AOL cutting 750 jobs and moving execs to NYC. Hard to believe that only 10 years ago the dot com craze was starting here: Network Solution’s IPO, which raised $67M. We thought it was time to walk down memory lane with former NetSol Chairman of the Board Mike Daniels, and see where he thinks things are headed now.
Mike dropped by our offices downtown this week, evidently with no need for ties anymore, just a pair of sunglasses. That’s preferred gear in Colorado, where he spends four months each year. But SnowMass is not enough for the outdoorsman; in April he trekked to base camp at Mount Everest.

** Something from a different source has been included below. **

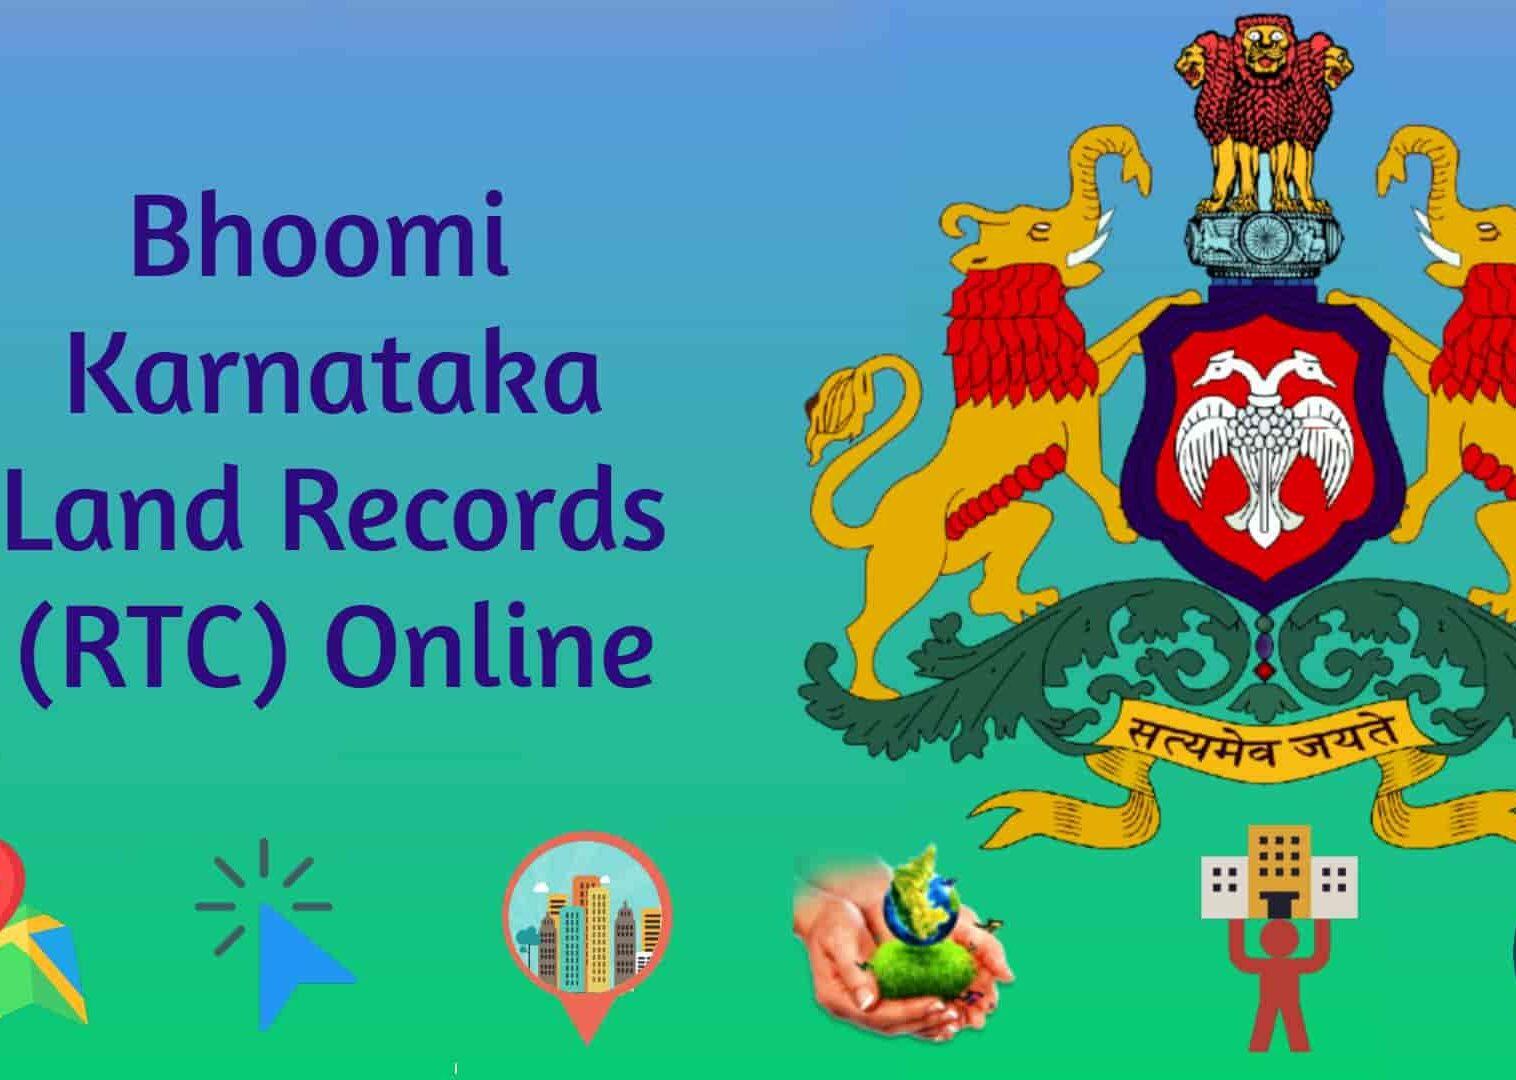 BHOOMI RTC KARNATAKA 2020

In 1995, Mike bought what was then a small government contractor as a pet project for SAIC for $4.5 million, shifted its conventional work to the parent and started taking advantage of its exclusive rights to give out domain names. Then came a couple of big follow-on stock offerings that returned more to SAIC than the huge company had made cumulatively since its founding in 1969. The ultimate sale in 2000 to VeriSign for $19.6 billion in stock followed the offerings of $778 Million in 1999 and $2.2 billion in 2000. (The stock subsequently declined, but that cash was hard and cold.)
Mike breaks it down—with typical good cheer—for Tech Bisnow patriarch Mark Bisnow, whose fashionable right shoulder is glimpsed in the corner. Mike says the 70s saw the rise of government contractors in the area; the 80s saw a telecom boom; the 90s were Internet; and the ‘00s . . . are a mix.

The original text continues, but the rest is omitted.